I believe that true innovation requires a period of “deep work” (as described by Cal Newport, or alternatively as a “sowing phase” by Alexander Grothendieck) — an iterative, failure-ridden process that often spans years of concentrated work. Historically, innovators like Marie Curie engaged in years of concentrated work, with financial compensation and acclaim a byproduct (the “harvest phase”) that was only seen in their later years. This order of events is reversed in the venture economy: the goal is often to achieve acclaim first by promising a vision and raising capital on the vision – and only afterward attempting to build something of substance to justify it. Therefore, the venture economy selects for compelling narratives over proven execution. In a pre-product, pre-revenue state, a charismatic storyteller is the best investment because narrative is the only signal.

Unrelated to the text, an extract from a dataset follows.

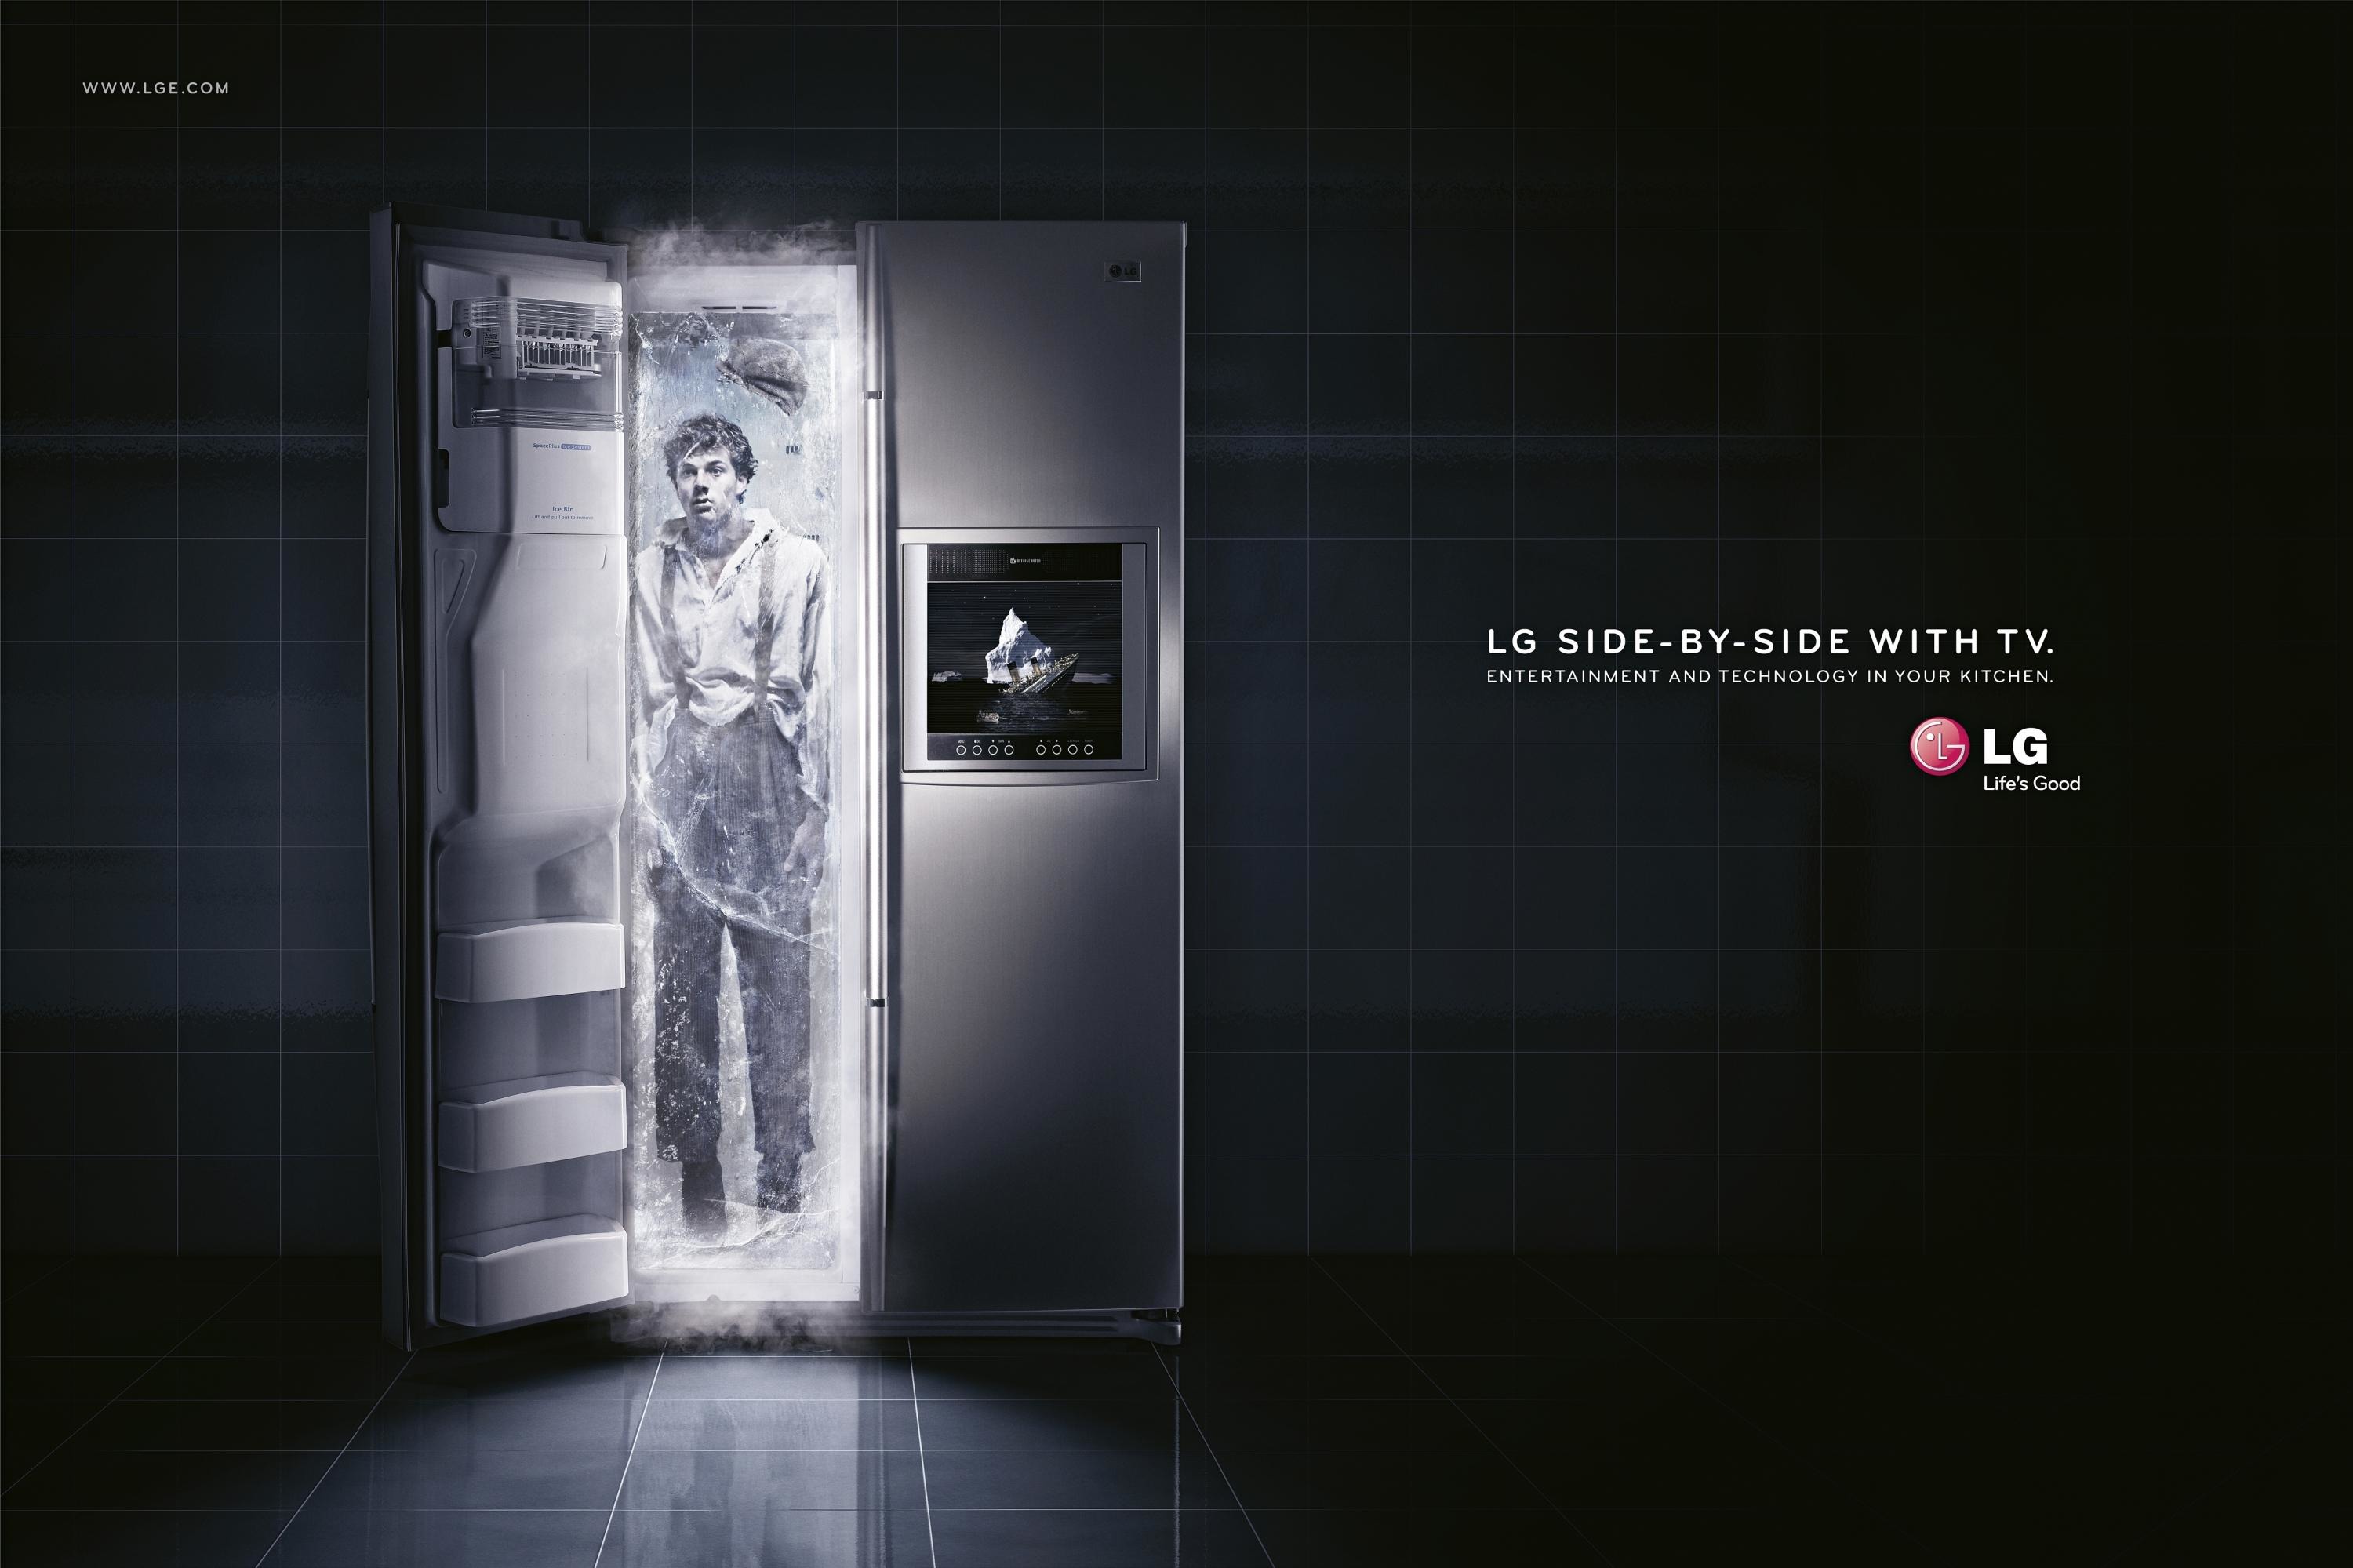 Всплывающая реклама на телефоне техно. Реклама холодильника. Креативная реклама. Реклама холодильника LG. Креативная реклама смартфонов.

This can be damaging because it prioritizes the performance of progress without the actual substance. As a natural result of the power-law distribution of VC returns, the actual probability of success among the startups funded is extremely low. The resulting graveyard of startups corresponds to a graveyard of promised visions, including outright failures like Theranos, where the work to achieve the promises made was never done. A consequence of this cycle of underdelivered hype is an erosion in the public’s trust that progress is achievable.
Crafting a return of wonder
Fixing the above is admittedly a hard task. I believe creating time-based incentives for the venture capital-backed startups to do better on delivering their promises will help. I imagine most private investors dislike the fact that early-stage founders are rarely held accountable to their promises after the check is written — in truth, I think our “round” based funding system might be replaced with long-term funding deals with future amounts tied to achievement of specific deliverables. I also believe in creating better sources of “patient capital”: public and private funds with longer term lengths, but these are still marked by the challenges of due-diligence around long-term capital commitments, personnel retention, and measurable surrogates for outcomes in the absence of short-term financial returns.